D’ailleurs, quasiment tous vos sauteurs sont chez David Cottin ?
Oui, à l’exception de deux poulains que j’ai en association chez François Nicolle. C’est à l’occasion d’une vente publique que François Nicolle m’a demandé de rentrer sur un fils de Gemix qu’il venait d’acquérir et j’ai répondu favorablement. J’ai beaucoup de respect et d’admiration pour la carrière de cet entraîneur.
Comme en plat, vous vous êtes diversifié pour le choix de vos entraîneurs ?
Je suis un homme de contact et j’ai besoin de partager avec mes différents entraîneurs sur la gestion de notre écurie. Aujourd’hui, j’ai le plaisir de travailler avec Francis-Henri Graffard, Yann Barberot et Édouard Monfort. On se parle, on suit l’évolution des chevaux, notamment des engagements et du choix des jockeys. C’est aussi la même chose dans l’élevage. Nous travaillons avec Thierry de La Héronnière et nous prenons du plaisir à réfléchir et échanger sur le choix des croisements. Il faut que ce soit du plaisir ! Quand vous avez une écurie importante et une activité professionnelle qui vous prend beaucoup de temps, il faut la gérer, pouvoir s’appuyer sur des professionnels avec lesquels travailler dans un climat de totale confiance.
D’ailleurs, l’un des traits de votre réussite, c’est la fidélité, que ce soit avec vos chevaux, comme Gemix, ou avec vos entraîneurs…
C’est vrai. À l’époque, Gemix, c’est Nicolas Bertran de Balanda qui en a fait un cheval d’obstacle. C’est quelqu’un que j’ai connu tout jeune chez son père. Lorsqu’il s’est installé comme entraîneur, à Lyon, nous lui avons envoyé un camion avec quelques chevaux. Quelques années après, nous avons acheté Gemix, qui, à l’époque, était un cheval de plat. Il n’était pas facile, mais il a décidé de le dresser sur l’obstacle. Il a ensuite créé ce tandem Gemix & David Cottin avec les résultats que l’on connaît.
Pourrait-on aussi comparer votre réussite à celle d’un Jean-Luc Lagardère qui a cru en Linamix, d’un Guy Pariente qui a soutenu Kendargent et qui, tous deux, ont réussi leur pari ?
La réussite est arrivée avec Gemix avec le concours de circonstances que nous avons évoqué.
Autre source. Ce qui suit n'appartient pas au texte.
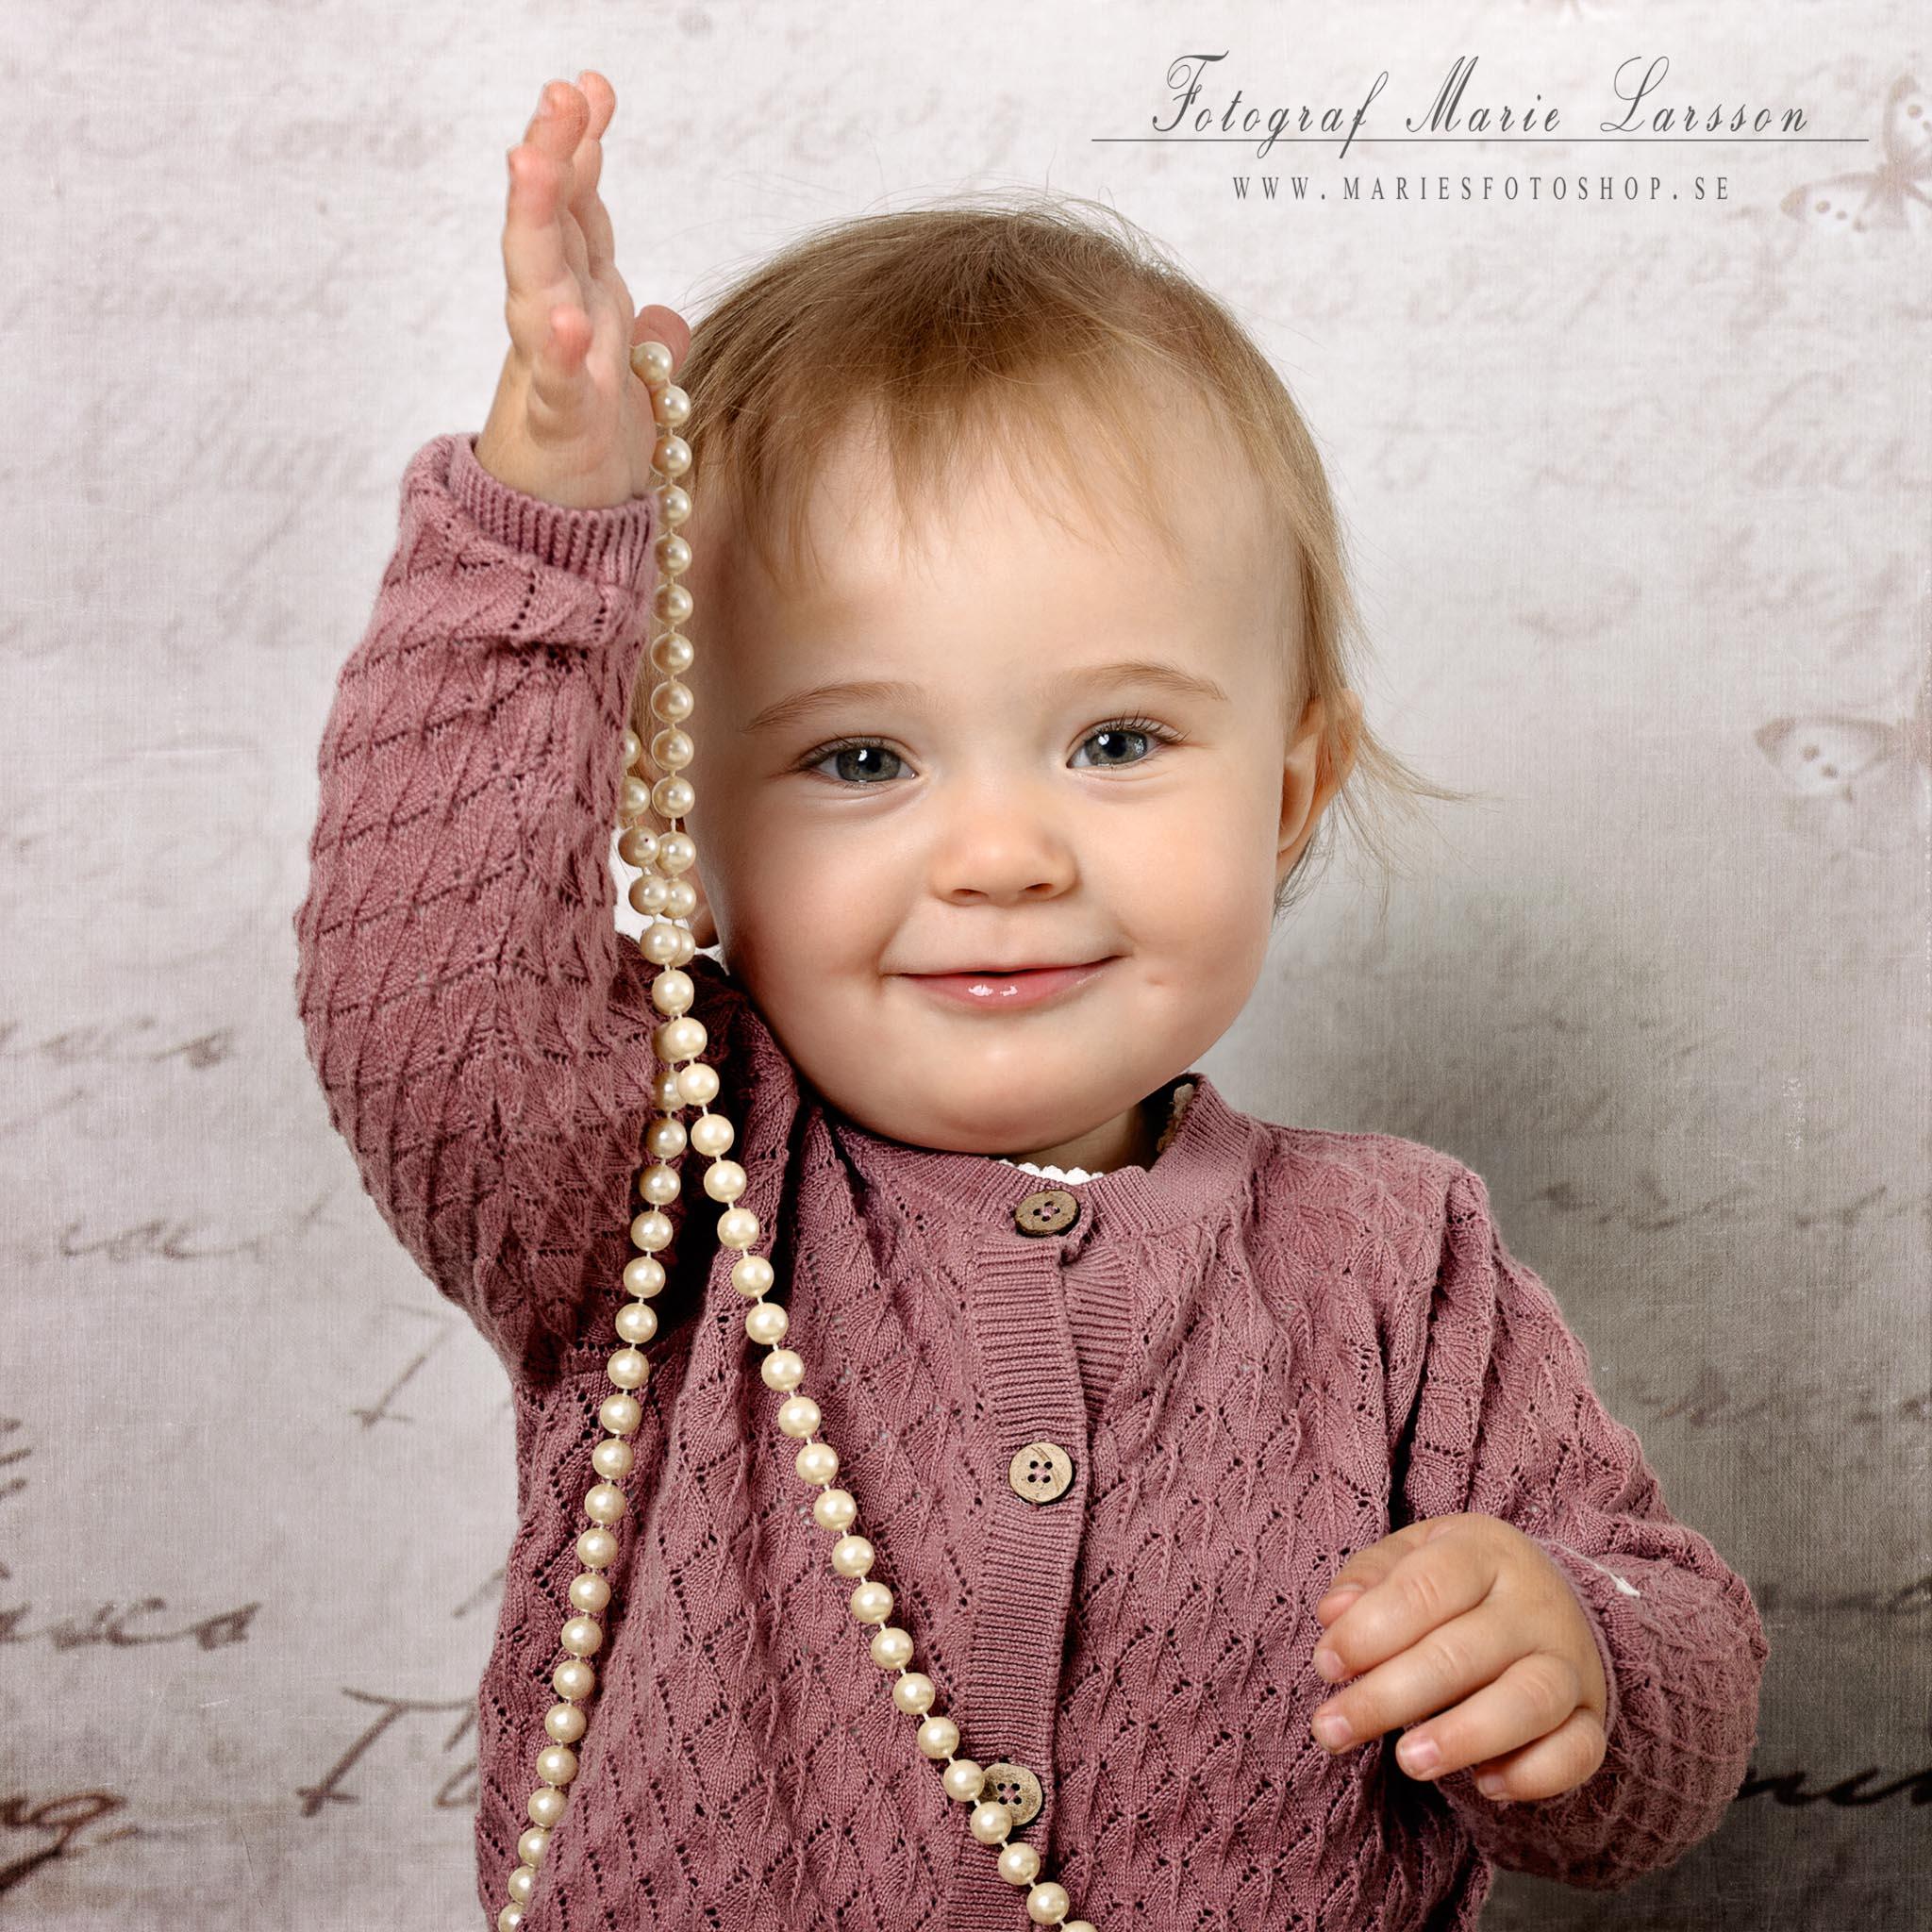 www.mariesfotoshop.se26082015_DSC9190-Redigerablogg2048

Je ne peux pas parler de monsieur Lagardère que je n’ai pas connu directement, mais Dieu sait que j’avais une admiration sans bornes pour lui, en revanche, j’ai des contacts avec Guy Pariente. J’ai la plus grande estime pour lui. Pour Gemix, ç'a été pour moi une très grande douleur de le voir décrié de la sorte. On lui a trouvé tous les défauts de la terre. Il était alezan, il avait des balzanes, il n’était pas suffisamment grand, il n’avait pas de papier maternel... Par contre, il a gagné un million d’euros en course. Si l’on regarde le parc étalon, vous allez avoir du mal à trouver l’équivalent. Malgré cela, les éleveurs l’ont boudé alors qu’ils nous incitaient à ne pas vendre Gemix, afin qu’il produise en France. Nous avons fait un petit prix de saillie mais il a fait seulement une vingtaine de saillies la première année et un peu plus la deuxième. On peut dire qu’avec mon associé, nous nous sommes beaucoup battus sans jamais nous décourager. Le courage, c’est un juste milieu entre la peur et l’audace.
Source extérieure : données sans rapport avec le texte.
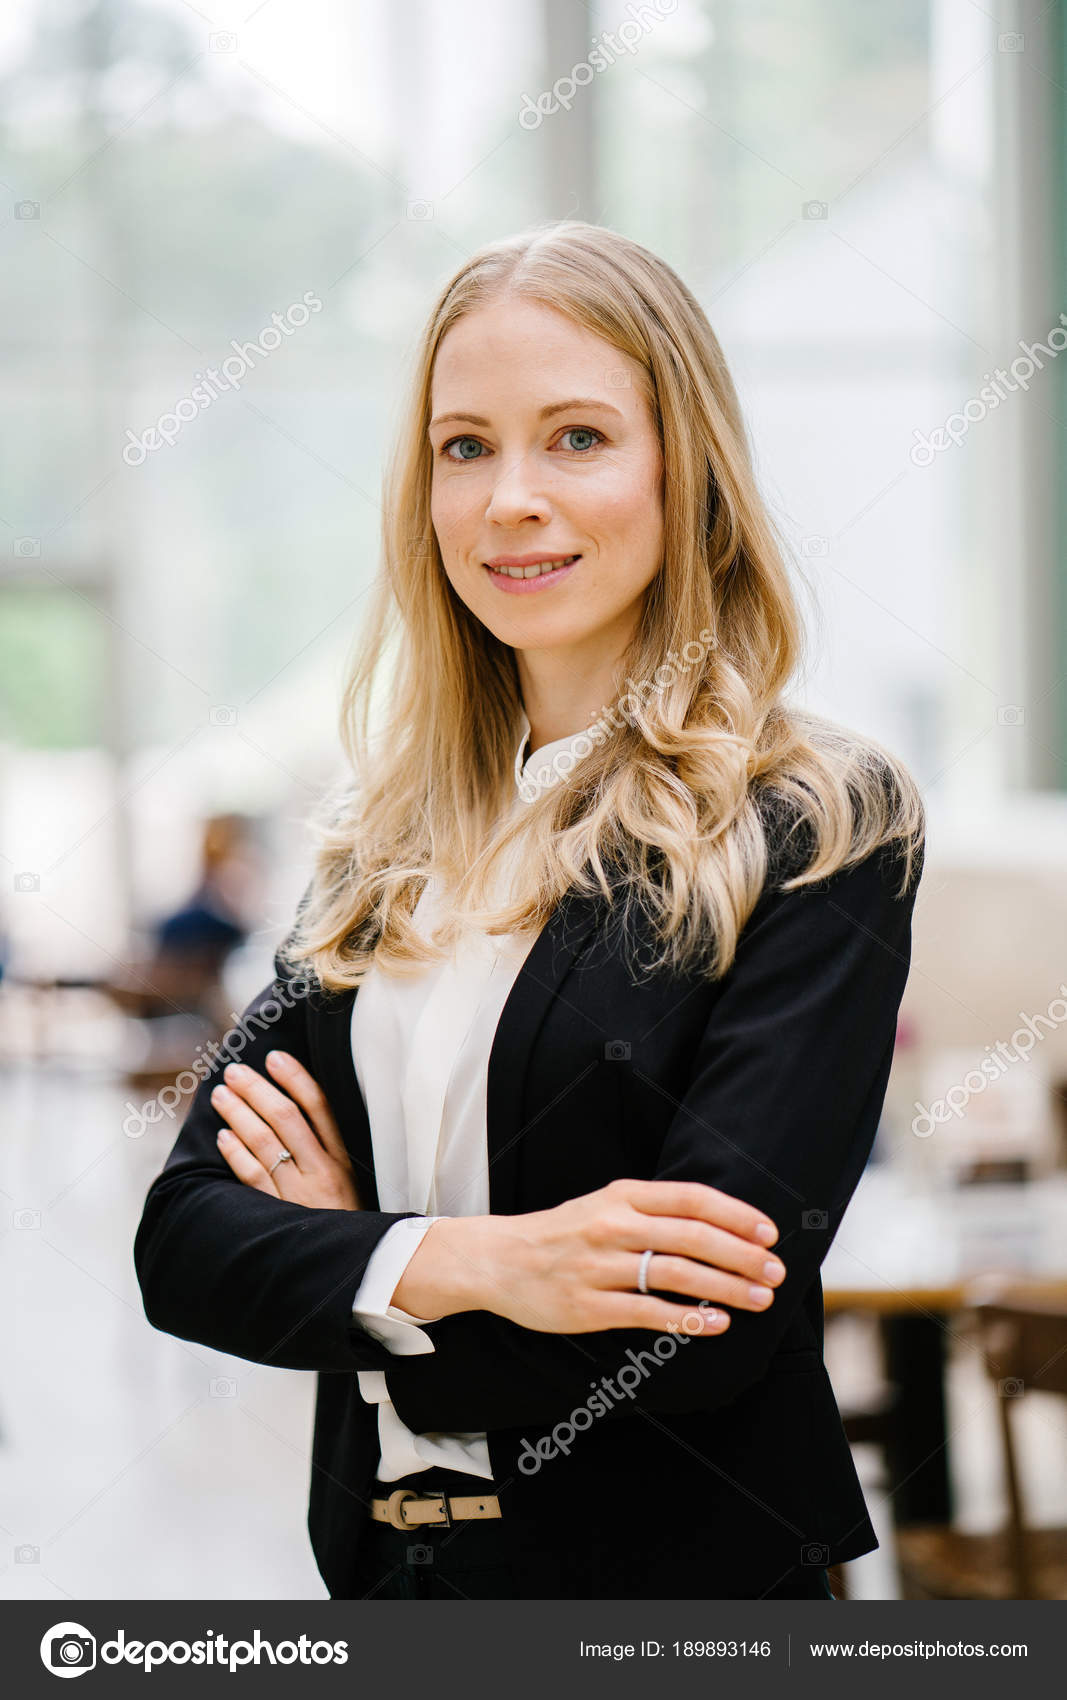 Die weiße Frau der Asiens aus dem Kopf

Ce que j’admire chez Guy Pariente, c’est ce courage. Il a lancé Kendargent contre vents et marées et quand on voit ce succès, on ne peut être qu’admiratif. C’est exceptionnel. J’aime les gens qui ont du caractère, qui sont tenaces, se donnent des objectifs et les atteignent.
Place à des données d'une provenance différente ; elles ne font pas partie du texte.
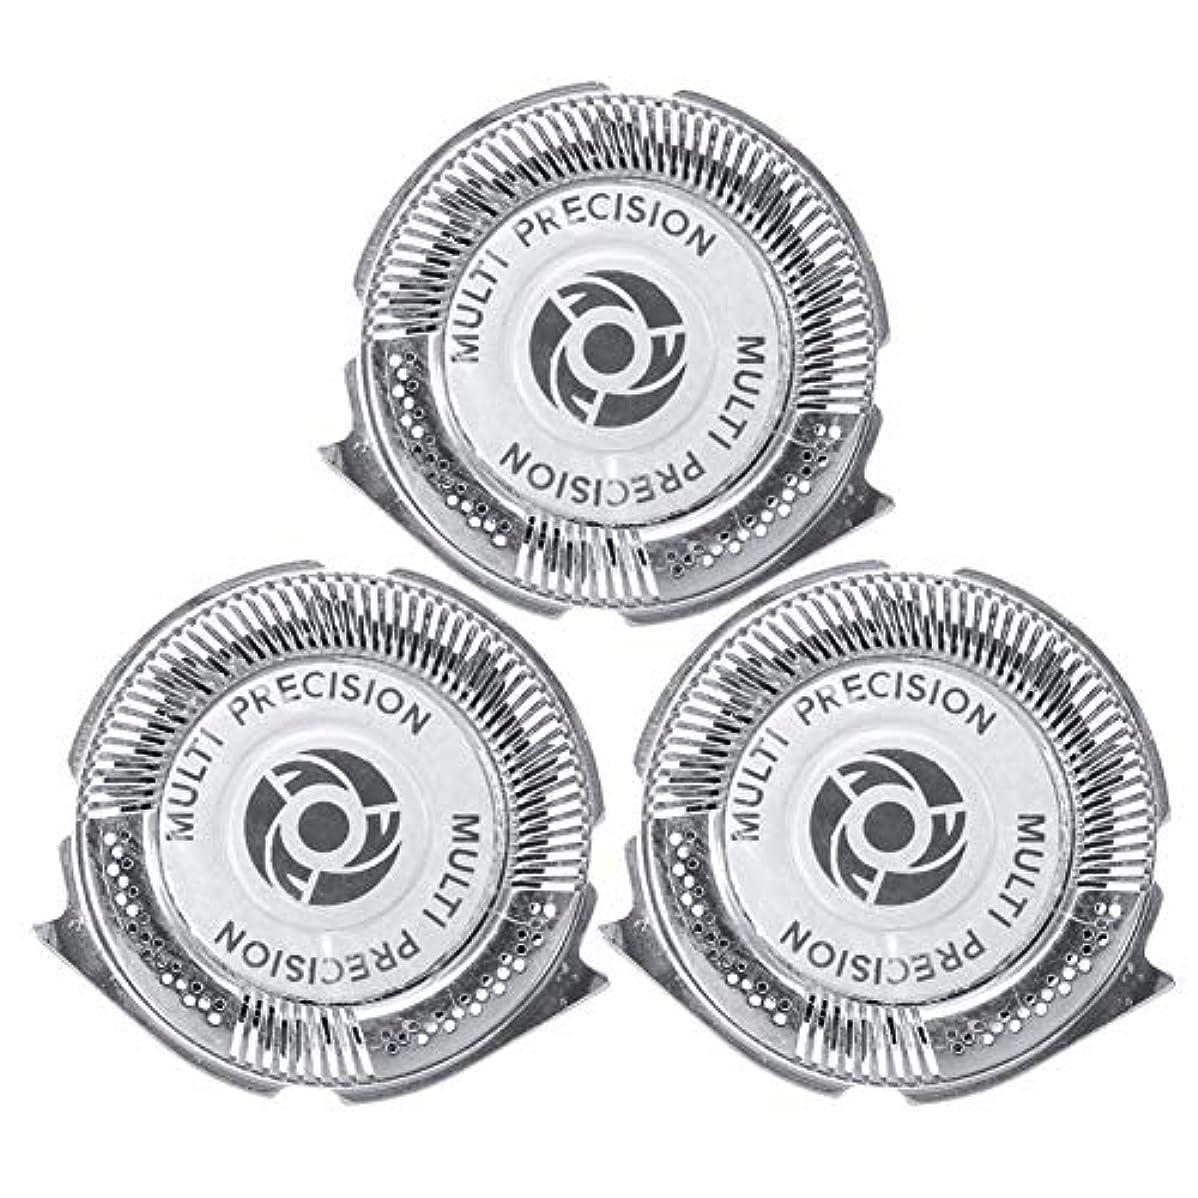 バウンド圧力低いシェーバー ヘッド 替刃 シェーバーカミソリヘッド交換替え刃 替刃3個入り Philips Series 5000 Shaver SH50/51/52 HQ8に適用

Vous avez beaucoup communiqué dans les médias pour appuyer Gemix. Pensez-vous que cela soit une des clés pour faire réussir un étalon ?
Nous avons connu Alix Vanhaecke qui s’est occupée de notre communication et quand nous avons discuté ensemble, nous avons compris que c’était une jeune femme passionnée. Elle a été un élément incontestable de notre réussite. Elle nous a fait nos plans médias, a visité des éleveurs, elle est allée dans tous les shows, toutes les ventes… Elle a fait preuve d’un investissement permanent à nos côtés, elle a été un élément prépondérant de la réussite de Gemix. Elle a toujours tenu bon, j’ai beaucoup d’estime pour elle.
Quel bilan tirez-vous des premières années de Gemix au haras ?
François [Thomas, ndlr] est assez content car nous avons fait quatre-vingt saillies cette année, pour sa première saison au haras du Lion. Nous avons plusieurs propriétaires de renom qui nous ont fait confiance, comme monsieur Papot, que je remercie. Gemix a reçu des poulinières bien meilleures et je pense que ce sera encore mieux l’année prochaine. Je suis persuadé que la qualité des poulinières va sérieusement évoluer en 2021. Preuve en est qu’avec une poulinière comme Kalberry, nous avons réussi à avoir un produit de la qualité de Le Berry.
Actuellement, vous avez de la réussite en obstacle, mais vous en avez également en plat. Comment vivez-vous les deux disciplines ?
Je suis passionné par la compétition, je suis un amoureux du plat et de l’obstacle. Mais c’est vrai que lorsque vous allez à Auteuil, vous avez de très grandes craintes. En plat, nous sommes plus dans la compétition. Pour un propriétaire de mon niveau, gagner un Gr1 en obstacle, c’est quelque chose de réalisable. Nous l’avons déjà fait. Mais gagner un Gr1 en plat, compte tenu du niveau de la concurrence, notamment internationale, c’est quasiment mission impossible. Pour l’instant, nous avons gagné un Gr3 en France grâce à My Sister Nat ** (Acclamation) qui est placée de Gr1 aux États-Unis samedi. J’espère que nous monterons et que nous arriverons à regagner un Groupe. Car la porte du Graal est toujours ouverte ; on voit des chevaux gagner des Grs1 qui n’étaient pas forcément prédestinés à le faire.
Combien avez-vous de poulinières ?
Entre huit et dix poulinières. Nous en avons plus en plat qu’en obstacle. Mais nous ne nous interdisons pas de trouver des poulinières d’obstacle de qualité dans les prochains mois.